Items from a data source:
=== Section Start ===

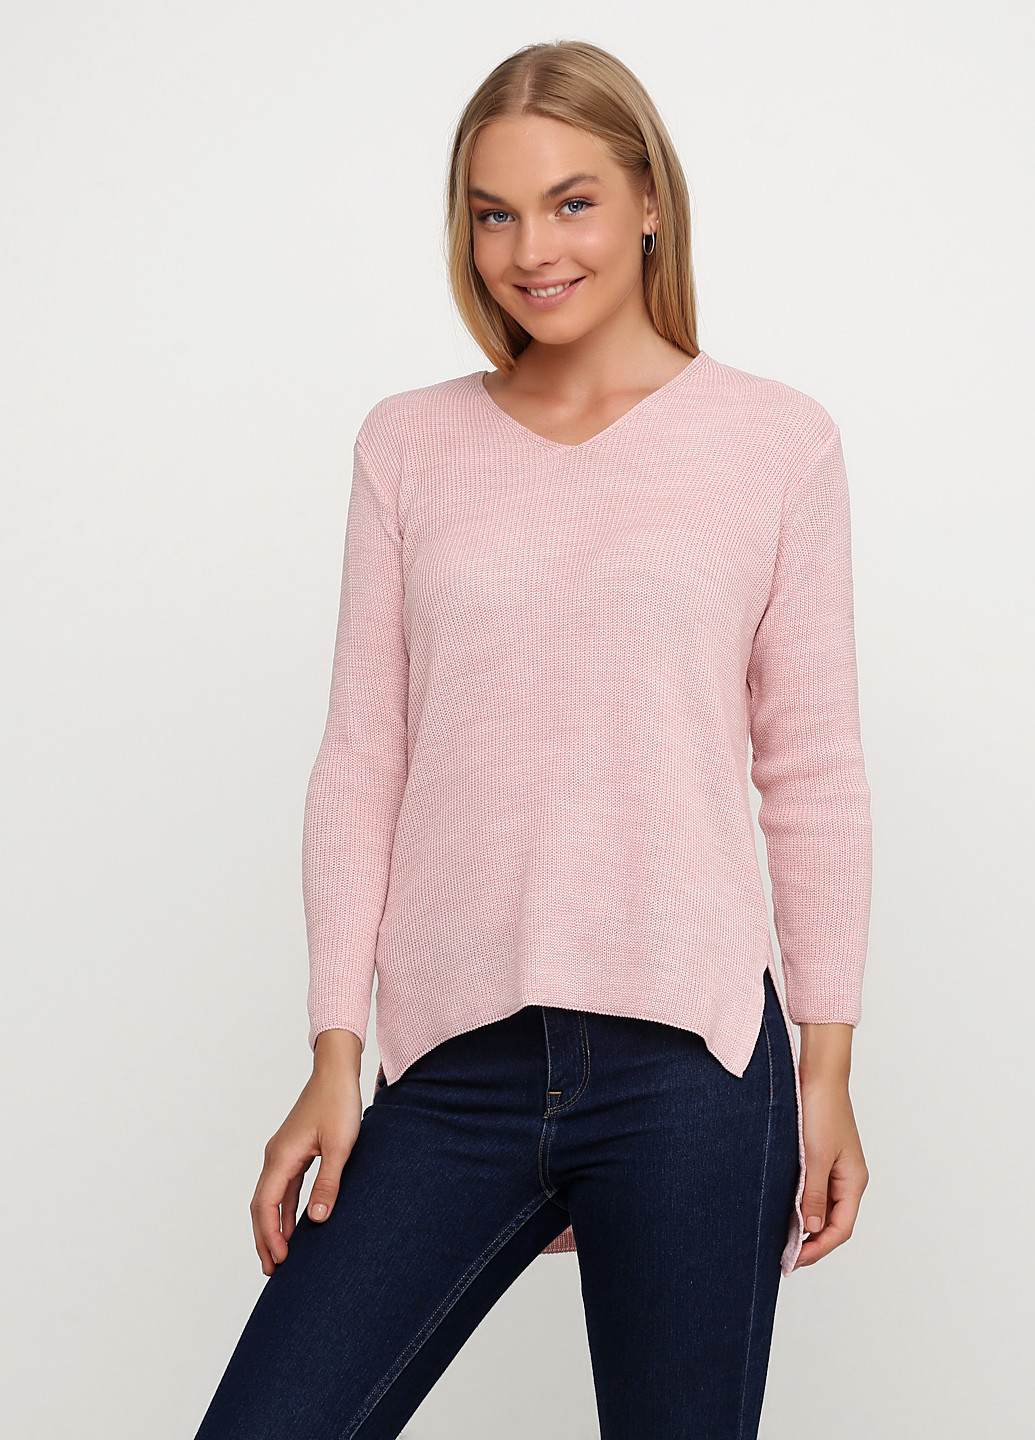 Світло-рожевий демісезонний пуловер пуловер Askar Triko
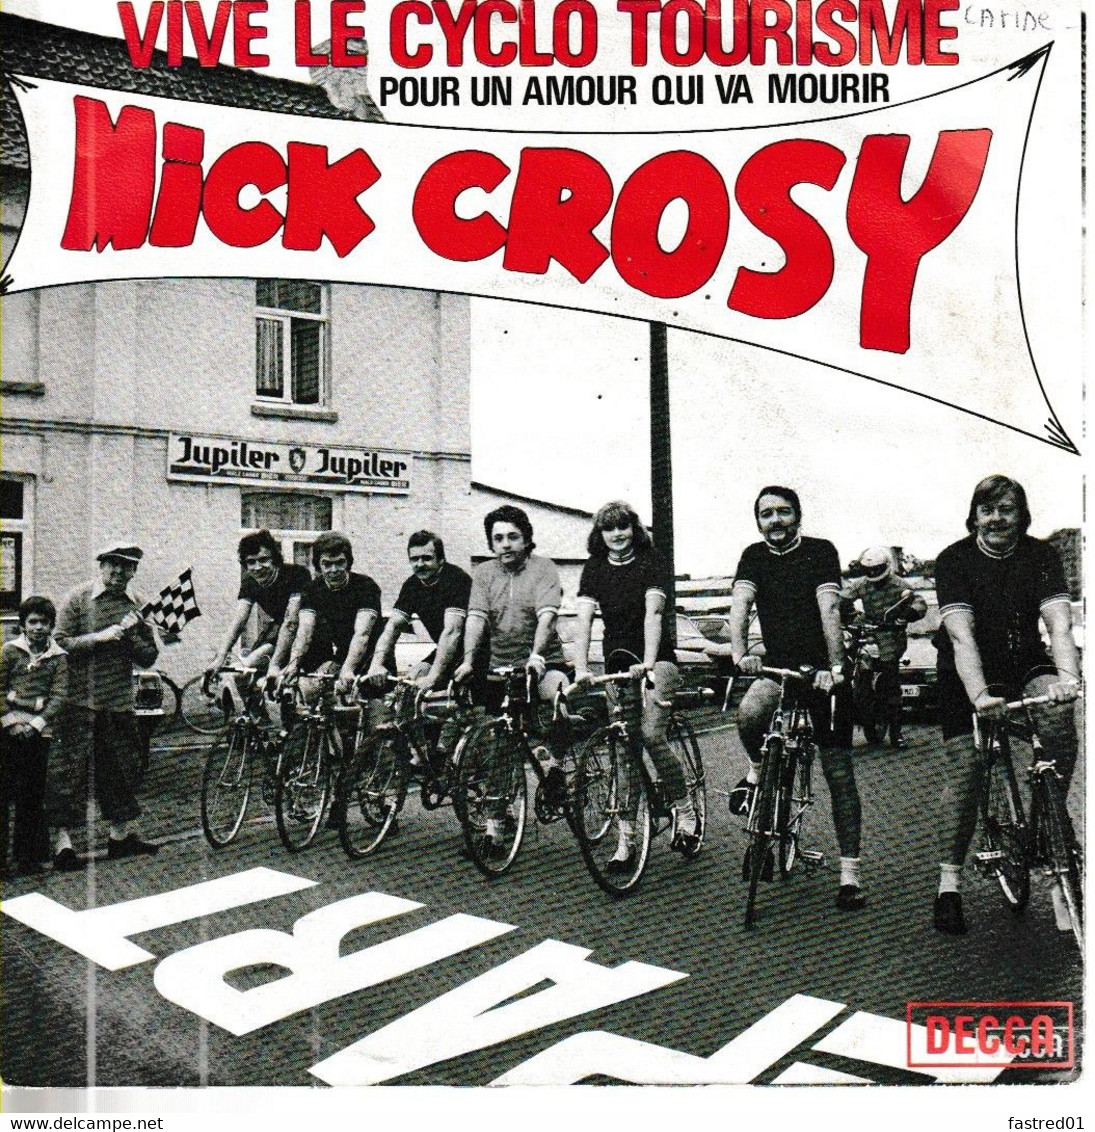 Vinyle SP 45t  7". MICK CROSY.  Vive Le Cyclo Tourisme / Pour Un Amour Qui Va Mourir. Date:1977.  N°18.183. état: EXC - Humor, Cabaret
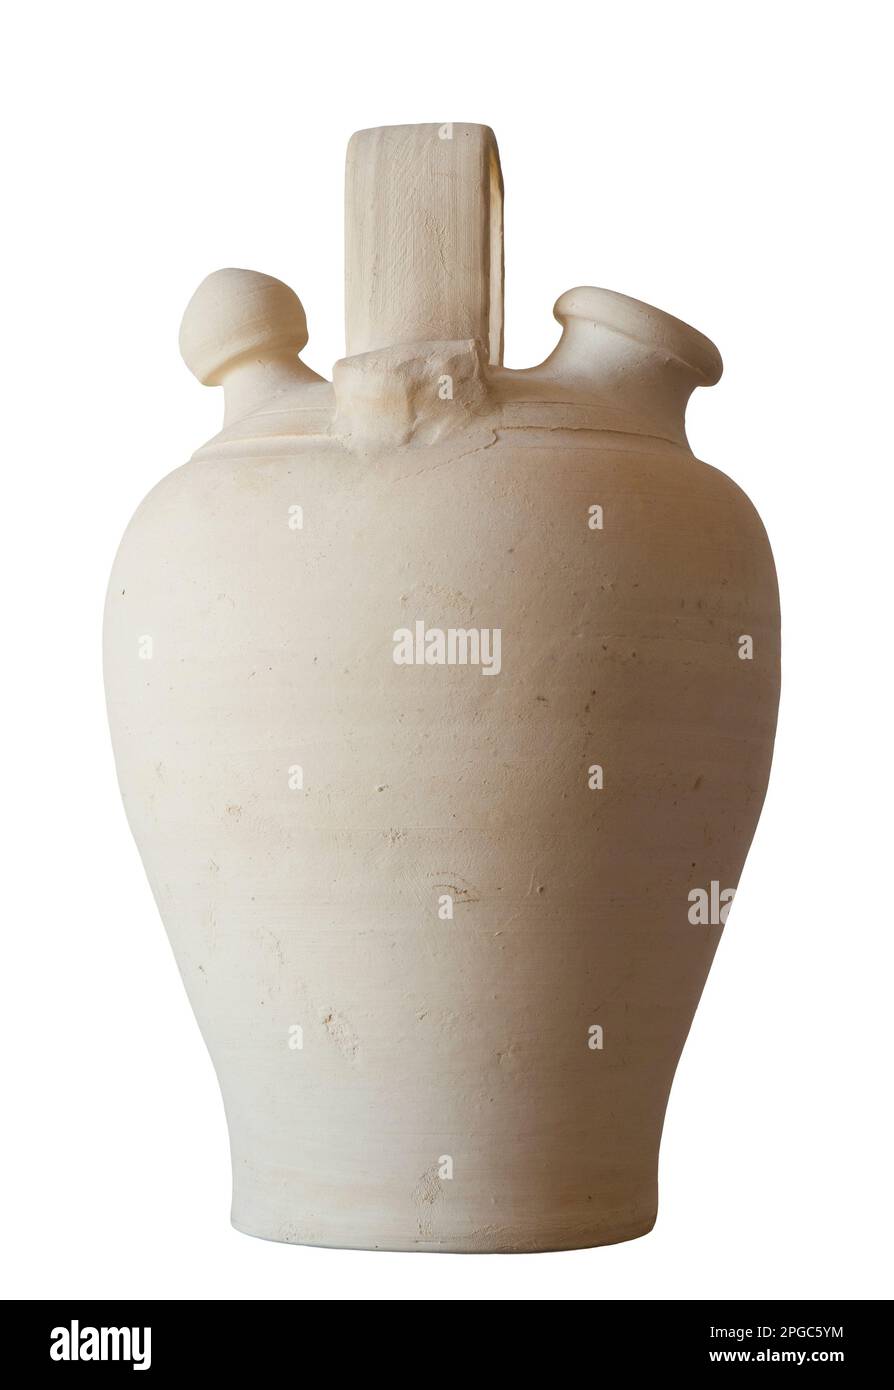 Weißes Steingut botijo, traditionelle Tontopf-Kanne für frisches Wasser. Isoliert über weiß Stockfoto
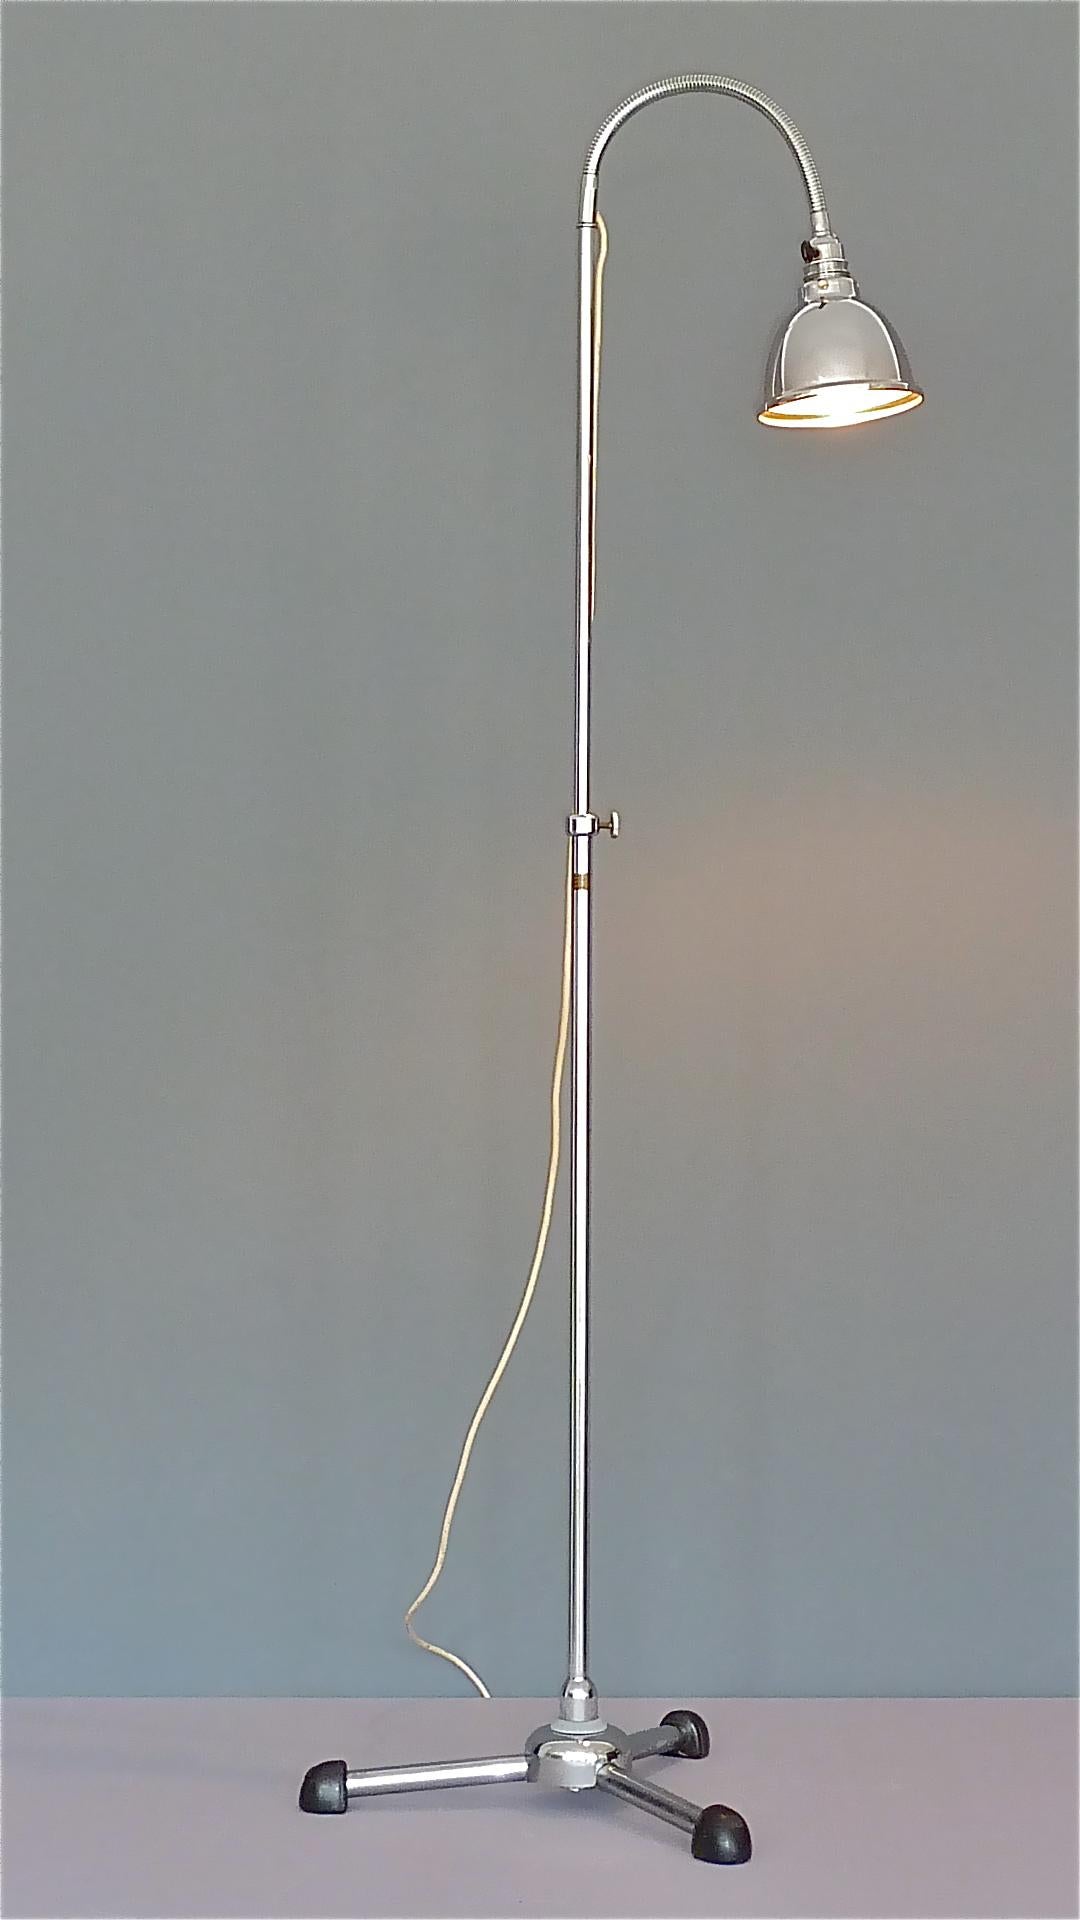 Christian Dell Bauhaus Chrome Metal Floor Standard Lamp 1930s Gooseneck Art Deco For Sale 8
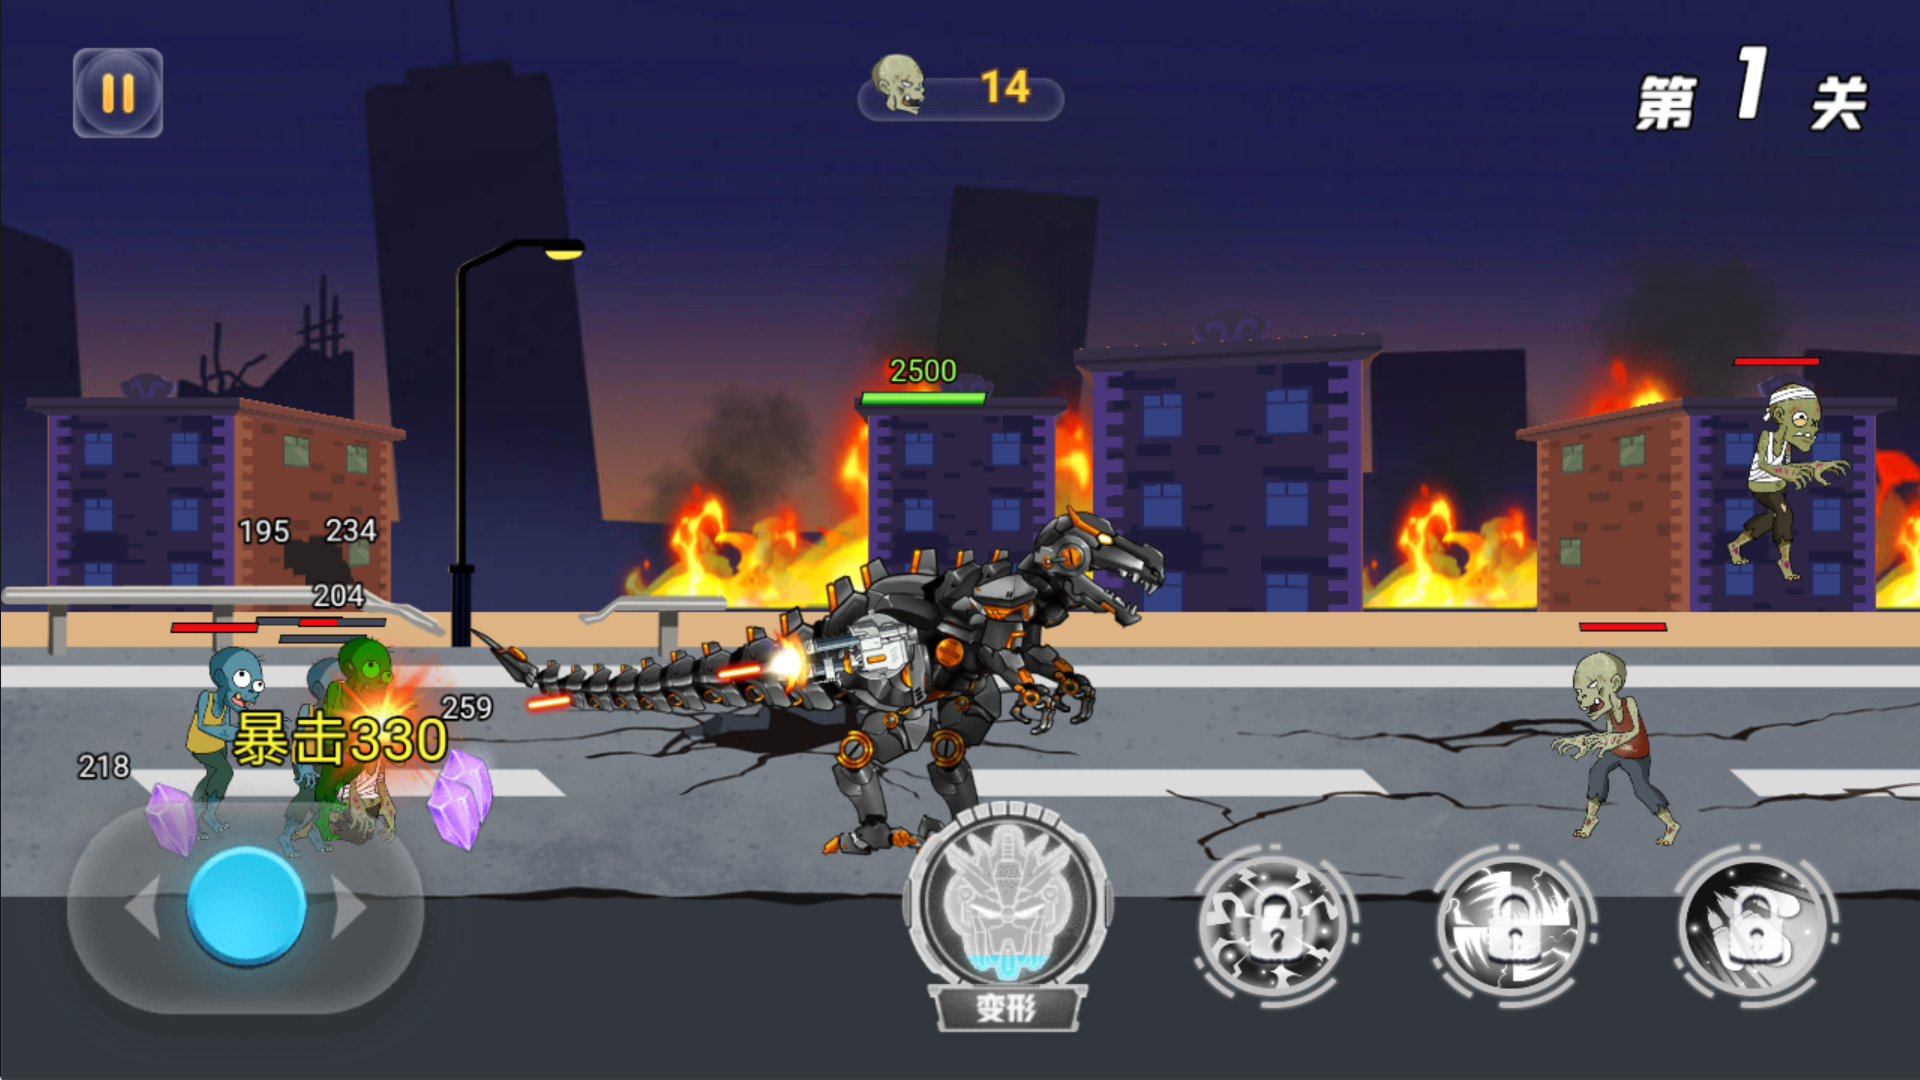 Screenshot 1 of Robot khủng long vs Zombie - Mech 1.0.0

=== Section End ===

[THE PROBLEM]:
Restate each entry word for word, please, but drop any images it holds.

[RESPONSE BOX]:
 Світло-рожевий демісезонний пуловер пуловер Askar Triko
 Vinyle SP 45t  7". MICK CROSY.  Vive Le Cyclo Tourisme / Pour Un Amour Qui Va Mourir. Date:1977.  N°18.183. état: EXC - Humor, Cabaret
 Weißes Steingut botijo, traditionelle Tontopf-Kanne für frisches Wasser. Isoliert über weiß Stockfoto
 Christian Dell Bauhaus Chrome Metal Floor Standard Lamp 1930s Gooseneck Art Deco For Sale 8
 Screenshot 1 of Robot khủng long vs Zombie - Mech 1.0.0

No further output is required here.